In reality, the twin celebrations are yet one more sign that at age 77, the man who dedicated his career to probing the furthest boundaries of bad taste is now widely acknowledged to be an upright citizen of good social standing and an artist whose work merits scholarly scrutiny.
“I am going to overdose on respectability,” Waters writes in the catalog, “and that is a new high.”
Waters received the 2,763rd star on the Walk of Fame, which since it opened in 1960 has expanded to cover 18 blocks in Hollywood, or more than 1.3 miles. Waters’ star joins those belonging to such well-known former Marylanders as “Mama” Cass Elliot, Julia Louis-Dreyfus, Goldie Hawn, Sylvester Stallone and Tupac Shakur.

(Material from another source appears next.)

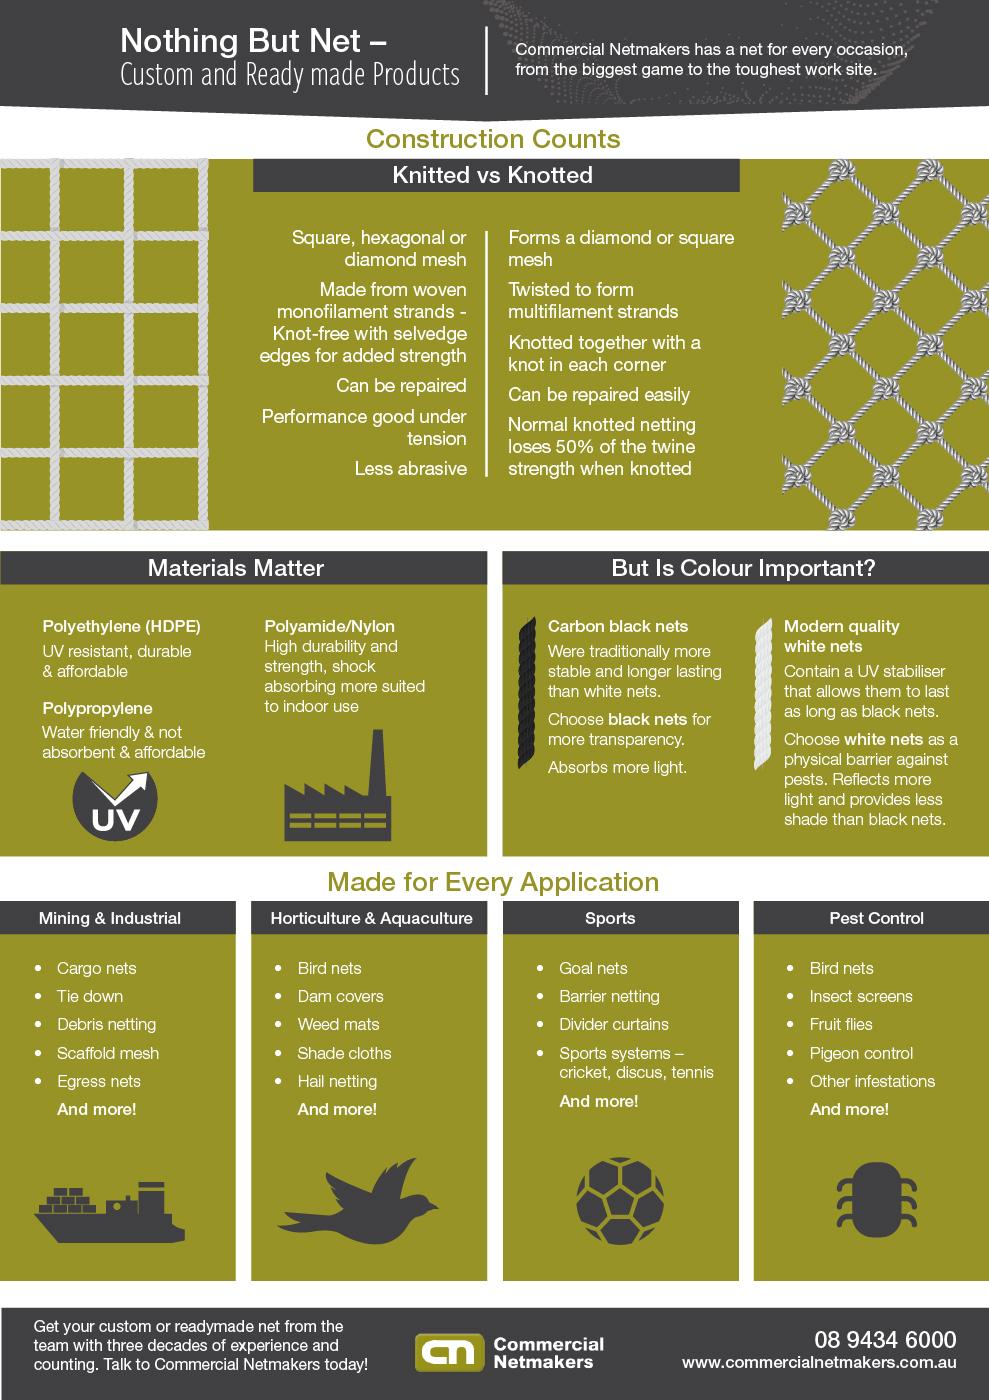 Infographic on custom made nets

The $55,000 cost of the star is being picked up by Outfest Los Angeles, the LGBTQIA film organization that nominated Waters for the honor. At the filmmaker’s request, the star is located outside Larry Edmunds Bookshop, a Hollywood landmark that sells movie-related books and paraphernalia.
The unveiling ceremony was livestreamed to the public for free at the Charles and Senator theaters in Baltimore. Speakers at the Los Angeles event included three members of Waters’ cast and crew of regulars known as the “Dreamlanders”: actors Ricki Lake and Mink Stole and photographer Greg Gorman.
“I don’t know how he comes up with characters like the egg lady who lives in a crib in her underwear or ‘Serial Mom’ who murders to avenge society’s missteps. But I don’t care,” Stole said, speaking to the crowd gathered outside the bookstore. “What I do know is the John is brilliant. He is decent, unfailingly decent and he is the hardest working man in show business.”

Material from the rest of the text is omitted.